Woman #2 on stage is obsessed with men. She depends on the male gaze to see herself as worthy, to know herself as attractive, and claim her being in sensuality. She definitely wants to keep on living but on the condition that there are men who find her lovable.

Woman #3 on stage has retreated into a condition we call dementia but her passion is aroused by ice cream and she frequently bursts out in song as some part of her remembers the playlist of her life.

Do you see the psychic map?

The title of the play is Super Seniors, which hints at the potential inherent in its text.

The world doesn’t owe womankind a living. We are here to make our own lives. Retirement is just an idea that doesn’t apply to a woman’s vocation.

Learning to love the self is a life-long adventure of realizing every relationship is a mirror reflecting back to us what is still unloved.

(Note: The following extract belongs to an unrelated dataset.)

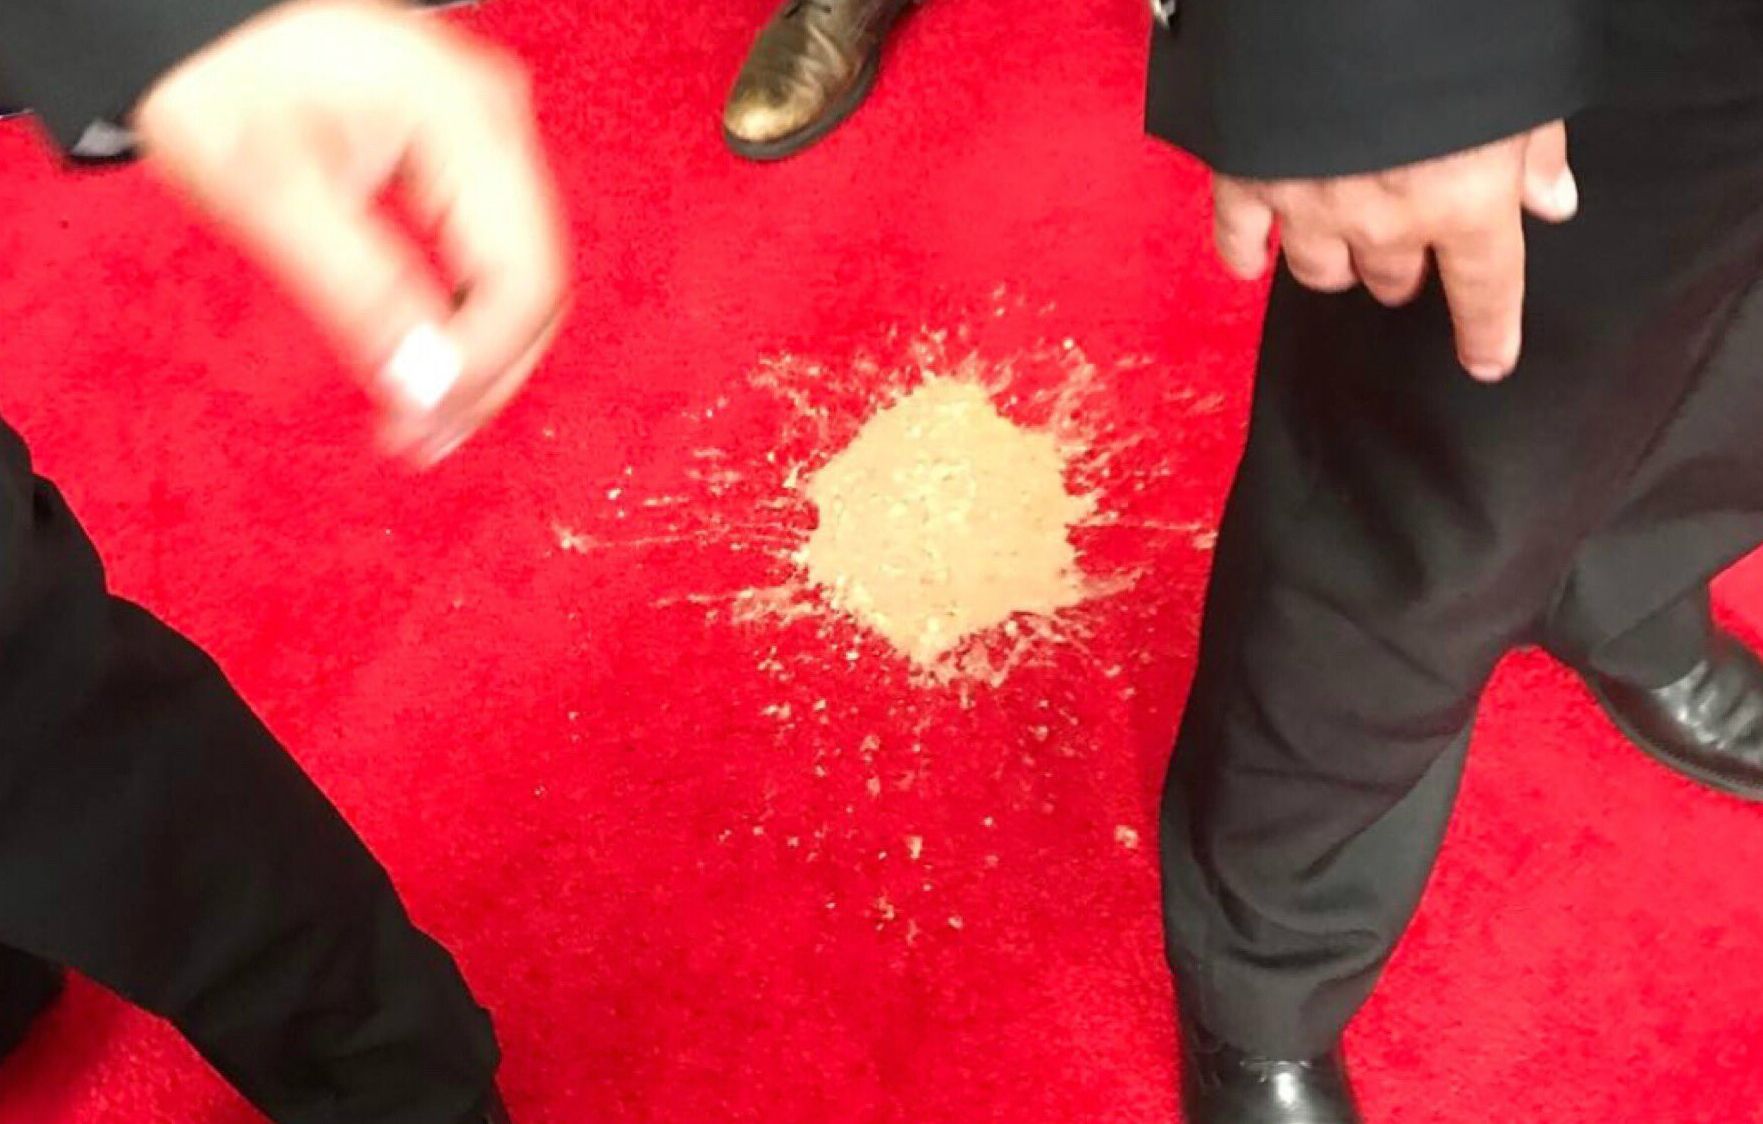 Emmys red carpet vomit

Life can be hard. There’s no denying this fact. And we can try to retreat into the fantasy of ourselves to seek solace but there is an irrepressible life force wanting to express as us, through us, for life and we can either collude with it or against it to give ourselves the experience of living. Either way, we are here because we are necessary for life. And life is long!

A woman needs her work in the world. A lover’s passion will not be extinguished easily. A singer must let the song be sung. And who the heck doesn’t love ice cream? The task is to not lose ourselves to its consumption.

Most of what we attribute to aging is simply accumulated self-denial in relationship to our life’s purpose and our sense of worthiness. For when a woman truly lives for love of self, she claims that her life matters. And for me, this is the pulse of the play.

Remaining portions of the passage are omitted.